Next, we will define a transformation that converts inputs to torch tensors, and an augmentation function that takes in an image and corresponding annotation as input. Augmenting the inputs will allow the model to handle diverse inputs and increase its robustness. Our augmentation function apply_augmentations will apply horizontal and vertical flipping to images with a 50% probability. The bounding boxes are also adjusted to reflect the new positions.

transform = transforms.Compose([transforms.ToTensor()])

def apply_augmentations(img, target):
    if random.random() > 0.5:
        img = transforms.functional.hflip(img)
        bbox = target['bbox']
        x_min, y_min, width, height = bbox
        x_max = x_min + width
        y_max = y_min + height
        target['bbox'] = [img.width - x_max, y_min, width, height]

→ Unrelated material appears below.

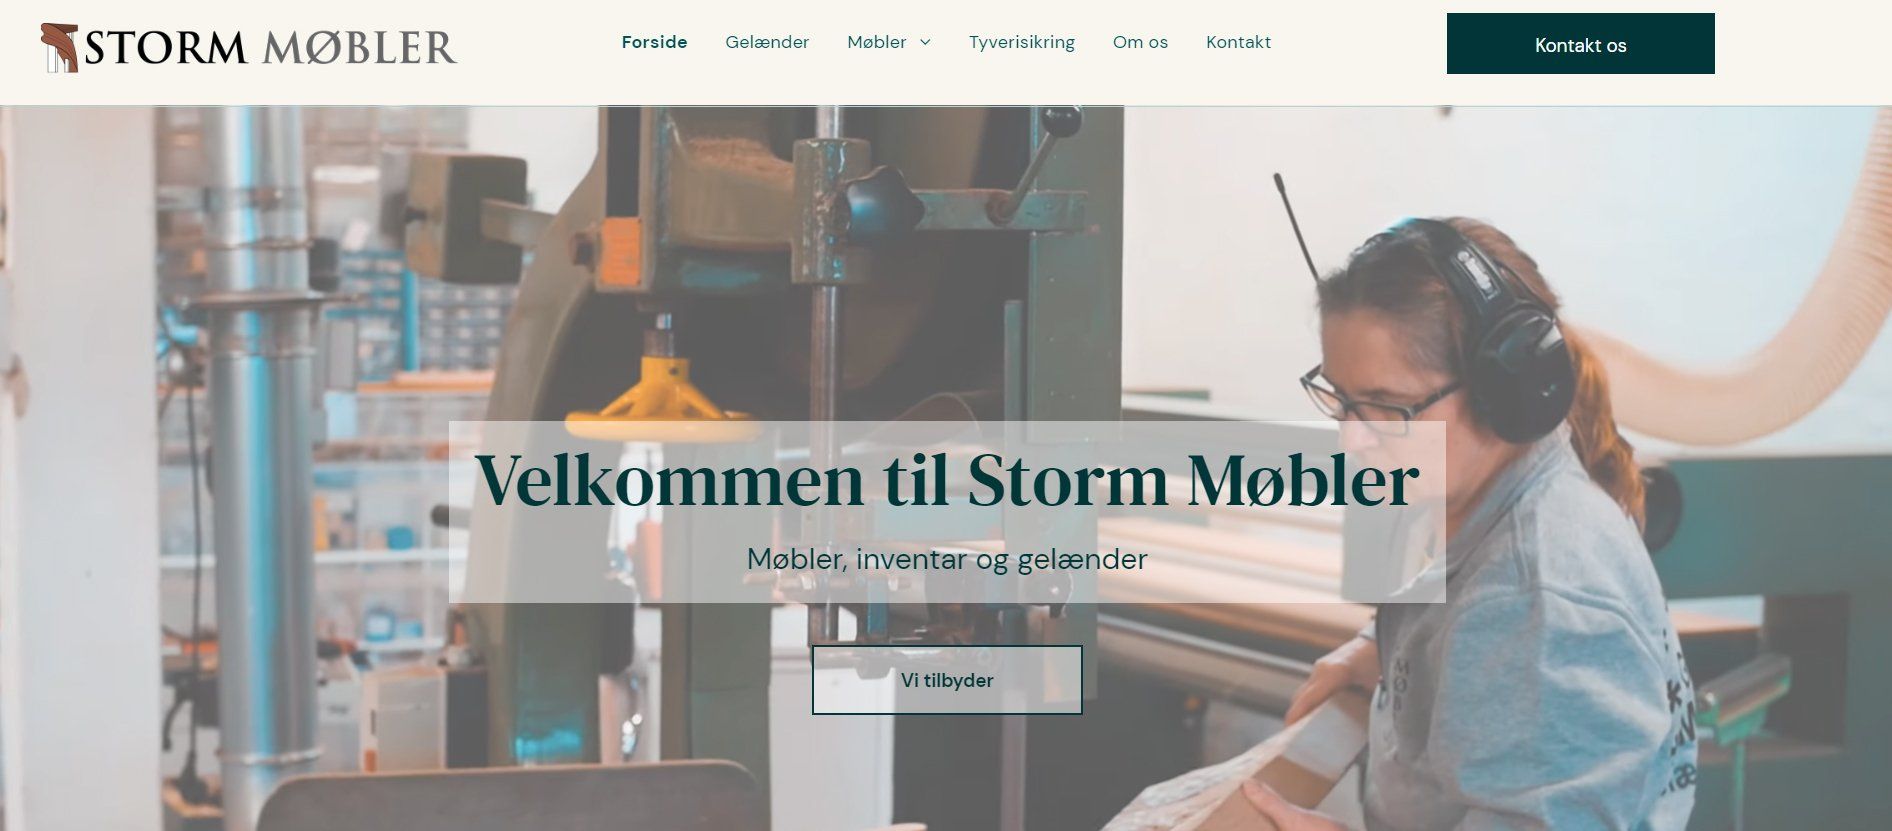 Et billede af forsiden på Storm Møblers hjemmeside

    if random.random() > 0.5:
        img = transforms.functional.vflip(img)
        bbox = target['bbox']
        x_min, y_min, width, height = bbox
        x_max = x_min + width
        y_max = y_min + height
        target['bbox'] = [x_min, img.height - y_max, width, height]

    return img, target

While there are various augmentations that we can apply, such as lighting, zoom-in/out, etc., our goal is to keep it simple to avoid overfitting as we are working with a small dataset. Putting it all together, let's define our target image size, dataset path and target classes to initialize a TACODataset object. For this project, we will be discarding categories where sufficient data is not available.

import os

target_classes = [
    'Plastic film', 'Unlabeled litter', 'Cigarette', 'Clear plastic bottle', 'Plastic bottle cap', 
    'Other plastic wrapper', 'Other plastic', 'Drink can', 'Plastic straw', 'Disposable plastic cup', 
    'Other carton', 'Styrofoam piece', 'Glass bottle', 'Pop tab', 'Plastic lid'
]

dataset_path = "./data"
ann_path = os.path.join(dataset_path, "annotations.json")
resize_dim = (800, 800)

dataset = TACODataset(
    root=dataset_path, 
    annFile=ann_path, 
    transform=transform, 
    augmentations=apply_augmentations, 
    target_classes=target_classes, 
    resize=resize_dim
)

Even with the augmentations, our dataset is quite small, which makes our model prone to overfitting to the training data. To ensure our model is more reliable and generalizable, we will perform cross-validation by splitting the data into 5 folds. and training and validating the model on each split. Each fold serves as the validation set once while the remaining folds form the training set.

from sklearn.model_selection import KFold
from torch.utils.data import Subset

kf = KFold(n_splits=5, shuffle=True, random_state=42)

train_folds = []
val_folds = [] 
for fold, (train_index, val_index) in enumerate(kf.split(dataset)):
    train_data = torch.utils.data.Subset(dataset, train_index)
    val_data = torch.utils.data.Subset(dataset, val_index)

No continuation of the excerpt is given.